Já fui Papai Noel por um dia. Na verdade, por algumas horas, para fazer uma reportagem. Troquei de lugar com o Papai Noel do shopping e recebi a visita de algumas crianças desconfiadas, sentindo-me, evidentemente, um legítimo farsante.
A parte mais dolorosa da experiência foi ter que aceitar a chupeta que um menininho de dois ou três anos me alcançava com ar relutante, estimulado pelo pai. Até hoje considero esse rito uma verdadeira crueldade com as crianças e também uma desconsideração para com o Bom Velhinho, que nunca mais irá recuperar a sua imagem diante do piá expropriado de seu objeto preferido.
Pois a notícia de que o governo federal está preparando um projeto de lei para proibir o uso de celulares nas escolas me fez lembrar daquele episódio dramático do pretérito Natal. Cassar o aparelhinho da gurizada, ainda que por algumas horas, será como tirar bico de criança. Pelo que dizem os especialistas e a própria Unesco, trata-se de uma medida urgente e necessária, pois a obsessão tecnológica está afetando fortemente o aprendizado, tirando a concentração da garotada e provocando dependência emocional.
Mas vai ser uma barra. No mínimo, teremos crises de abstinência. As pessoas estão de tal forma viciadas no brinquedinho digital —crianças, adolescentes e adultos — que caem em desespero quando ficam sem internet ou sem eletricidade para carregar a bateria.
Quem não lembra daqueles filas enormes nas tomadas dos shoppings durante a inundação? Além disso, nem todos os pais aceitarão pacificamente que seus filhos entreguem a chupeta digital para os professores ou para os servidores da escola. Vem controvérsia aí, podem ter certeza.
O problema é global.

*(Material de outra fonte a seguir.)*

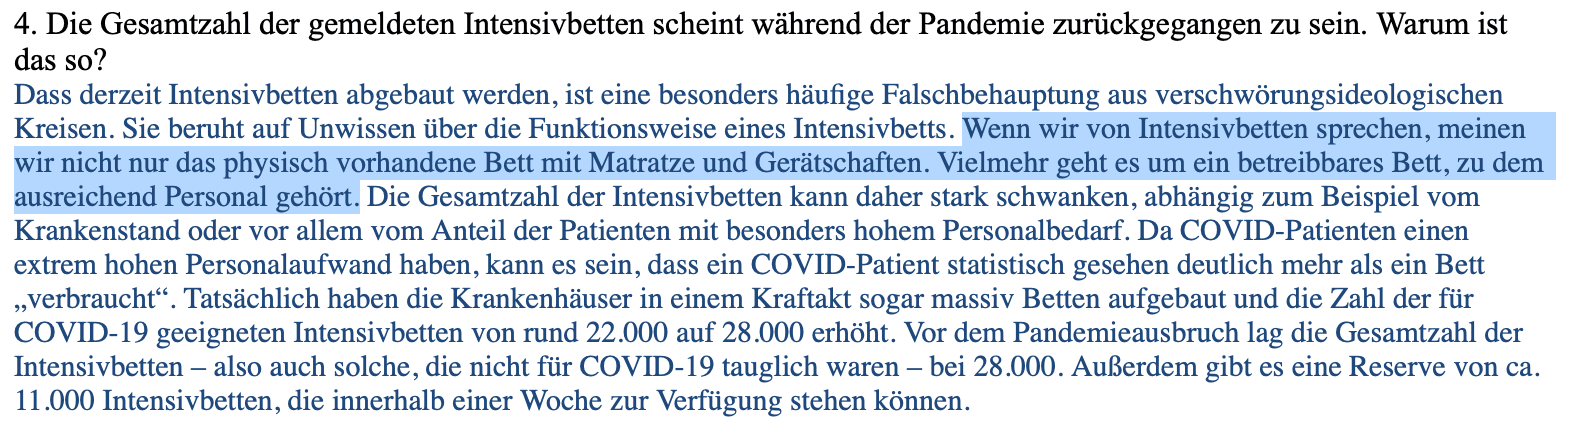 Auszug aus der E-Mail eines Sprechers der Deutschen Krankenhausgesellschaft.

Vários países vêm debatendo essa questão, alguns já decididos pela proibição, outros optando por alternativas intermediárias como a obrigatoriedade de deixar o aparelho desligado na mochila. E sempre tem quem sonhe com aquela solução mágica, que raramente funciona, de utilização do celular no período de aula, como ferramenta de estudo e aprendizado.
Sinceramente, não sei como resolveremos esse dilema. De minha parte, prefiro mil vezes uma solução negociada à simples proibição, que sempre recende a autoritarismo. Só tenho certeza de uma coisa: o relator desse projeto, como o Papai Noel farsante, vai sair chamuscado.